In my eyes, my 9-year-old son, Adam, is blessed with a very nice look. He has dirty blonde hair, and blue-grey eyes, a fun smile, and a strong, athletic body. He looks like the little jock that he is. His regular sport is baseball, and his favorite position is catcher. His stocky frame makes him a mini version of just about every catcher in the major leagues. But Adam is also a bit chubby, and with kids being kids, he sometimes hears about his weight from friends.
Once, at least as Adam later reported it to me, he was having an argument with the boy sitting back-to-back to him in class about seating and spacing, and his friend told him that the problem was that Adam wasn’t thin enough. Last night I discovered Adam’s school lunch, uneaten, in the refrigerator. What happened? Adam wasn’t happy about his performance on a test of push-ups and sit-ups at gym, and in a fit of anxiety and self-consciousness he decided to start a no-food-at-lunch diet.

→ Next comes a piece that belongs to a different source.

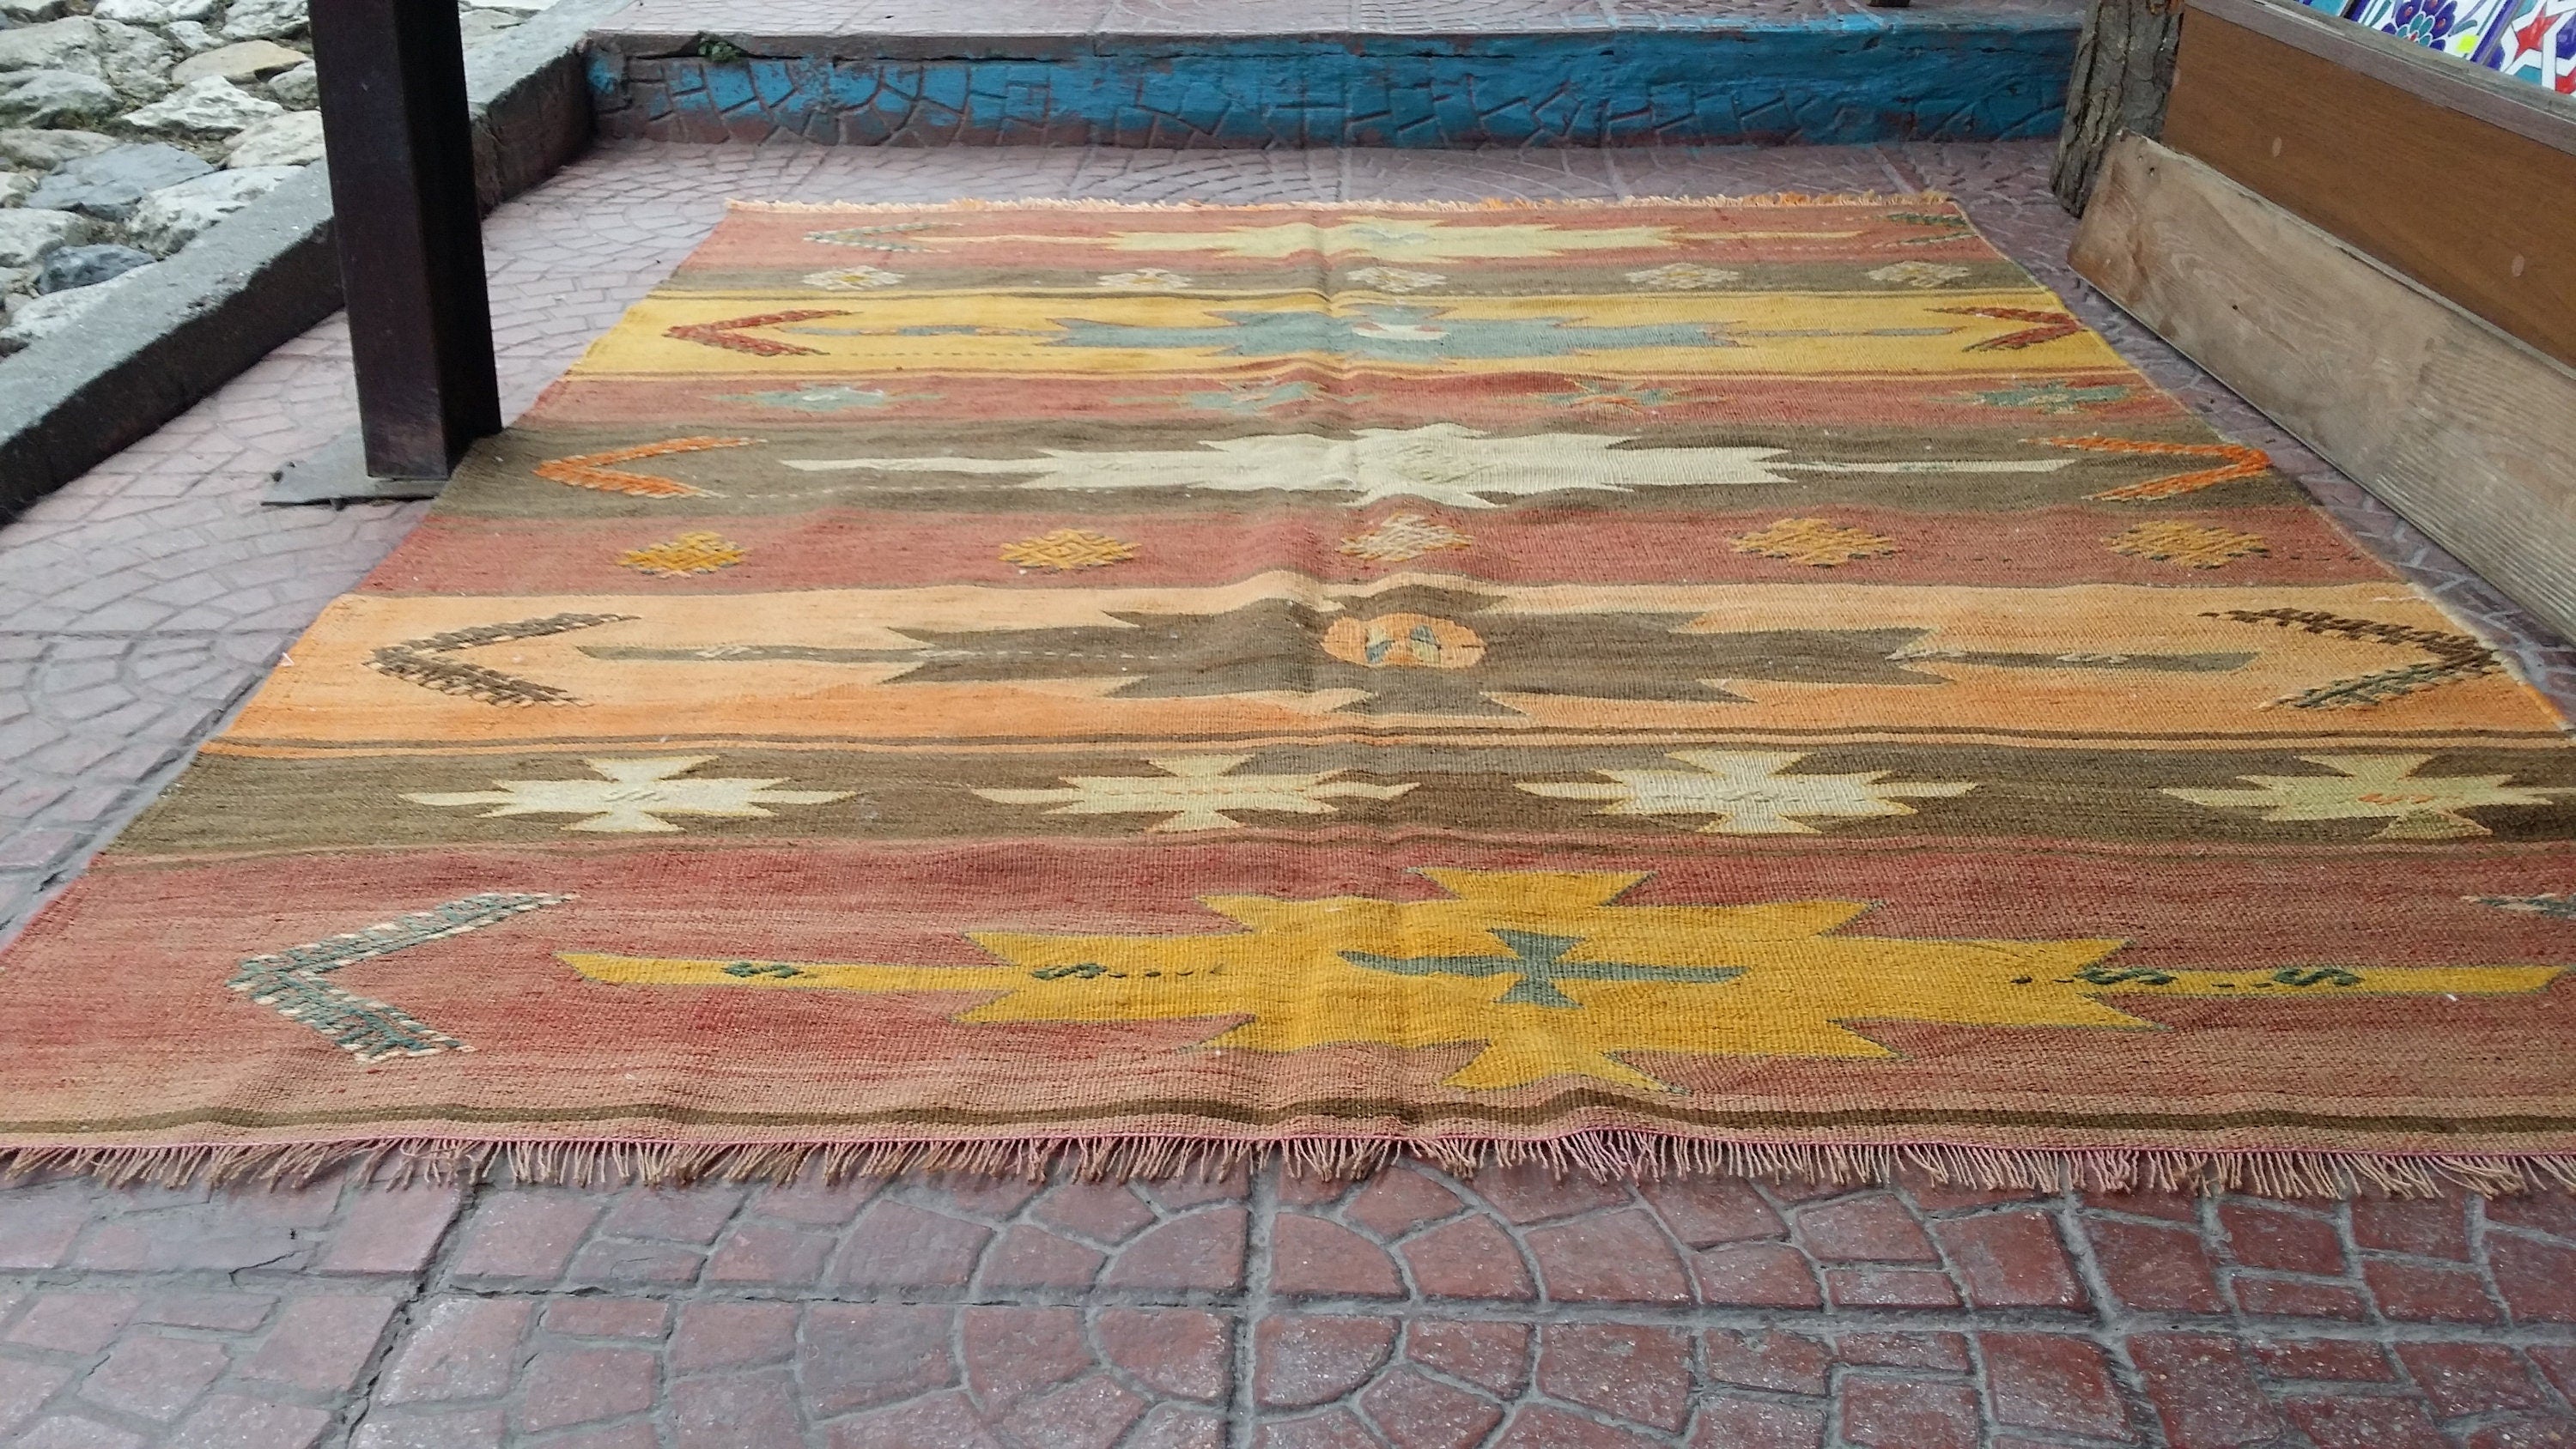 Turkish Kilim Rug 9 x 5 ft Orange Brown Vintage Southwestern Decor Handmade Wool Kilim, Antique Boho Rustic Aztec Design Persian Floor Rug

Adam’s pediatrician has mentioned to him that it would be a good idea for his health to lose a few pounds, when the topic comes up, my wife and I, who are both overweight, try to send the right messages. It’s about health and eating better. It’s not about looks—you are good-looking and likeable and loveable. We’ll acknowledge the hurt of hurtful remarks, but treat it like an issue of being sensitive to other’s feelings, and how friends treat each other. But he’s smart and sensitive and the weight comments really sting him.
Lately, I’ve been on my own pursuit of better health through better eating. As much as I’m trying to be a better role model, perhaps that puts added pressure on him as well. I know bad habits—like good ones—can take root in childhood. I know that I want to say the right things to him about weight, and not add to his problems, and I’m feeling a bit like I’m entering uncharted territory.
If you read this column now and then, you know I like to end on notes of completion, but his issue feels like a real work in progress to me. I welcome your thoughts.